Disclaimer: This site aggregates publicly available data from official government sources (FDA, ClinicalTrials.gov, PubMed, SEC EDGAR, NMPA) for general reference only. It does NOT constitute medical advice, diagnosis, treatment recommendations, or investment advice.

FDA 510(k)

QUEX ED; QUEX S

K-Number: K232779 · 2024-10-11

ApplicantQx World, Ltd.
Decision Date2024-10-11
Product CodeOMC
Advisory CommitteeNE
DecisionSubstantially Equivalent

Device Summary

QUEX ED; QUEX S is a medical device manufactured by Qx World, Ltd.. It received FDA 510(k) clearance on 2024-10-11 under approval number K232779. The device is classified under product code OMC. It was reviewed by the NE advisory panel. FDA Decision: Substantially Equivalent.

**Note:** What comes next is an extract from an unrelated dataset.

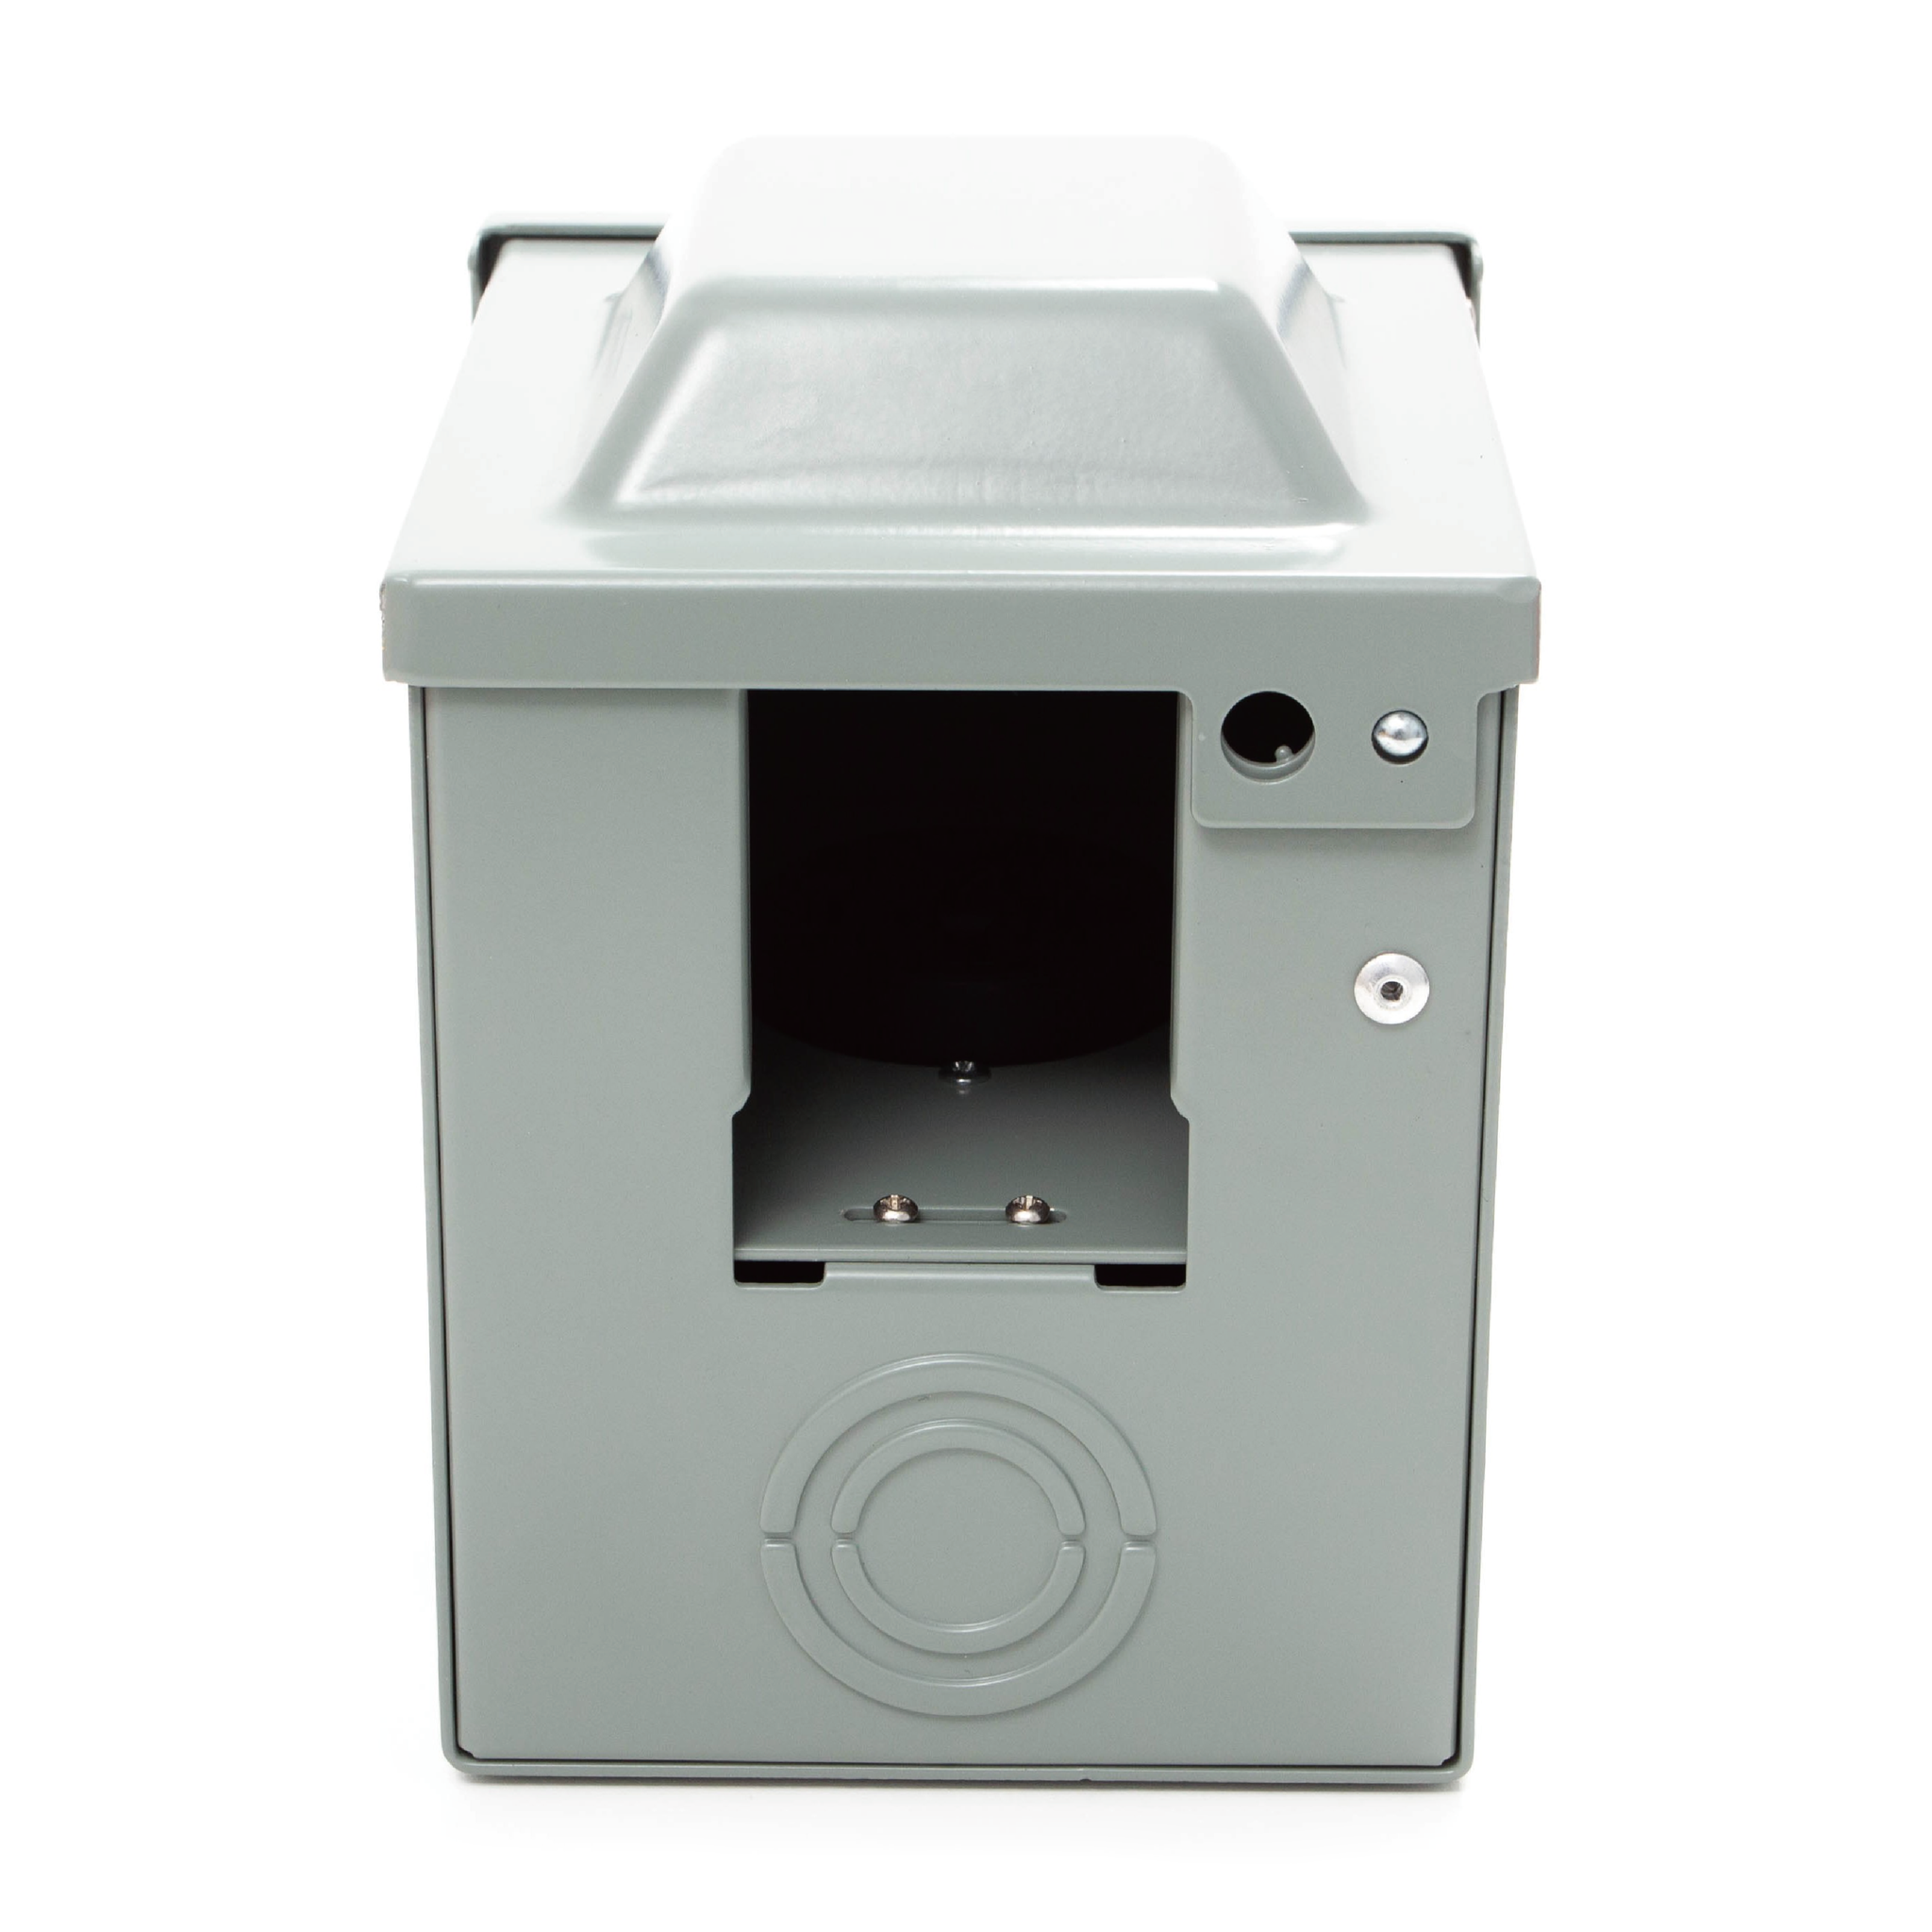 Sintron RV Power Outlet Box, 30 Amp 125 Volt, Enclosed Lockable

Frequently Asked Questions

What is the QUEX ED; QUEX S?

QUEX ED; QUEX S is a medical device that received FDA 510(k) clearance on 2024-10-11. It is manufactured by Qx World, Ltd.. The 510(k) number is K232779.

When was QUEX ED; QUEX S approved by the FDA?

QUEX ED; QUEX S received FDA 510(k) clearance on 2024-10-11, under approval number K232779.

What company makes QUEX ED; QUEX S?

QUEX ED; QUEX S is manufactured by Qx World, Ltd..

What is the FDA product code for QUEX ED; QUEX S?

The FDA product code for QUEX ED; QUEX S is OMC.

Related Devices (Code: OMC)

K170363Ceribell Pocket EEG DeviceCeribell, Inc. K183529AE-120A EEG Head SetNihon Kohden Corporation K192549Byteflies KitByteflies NV K203827REMIEpitel, Inc. K221563Neurosteer EEG RecorderNeurosteer, Inc. K230933REMI Remote EEG Monitoring SystemEpitel, Inc.

Official Source

View on FDA Database →

Data sourced from FDA Open API. For the most current and authoritative information, always refer to the official record.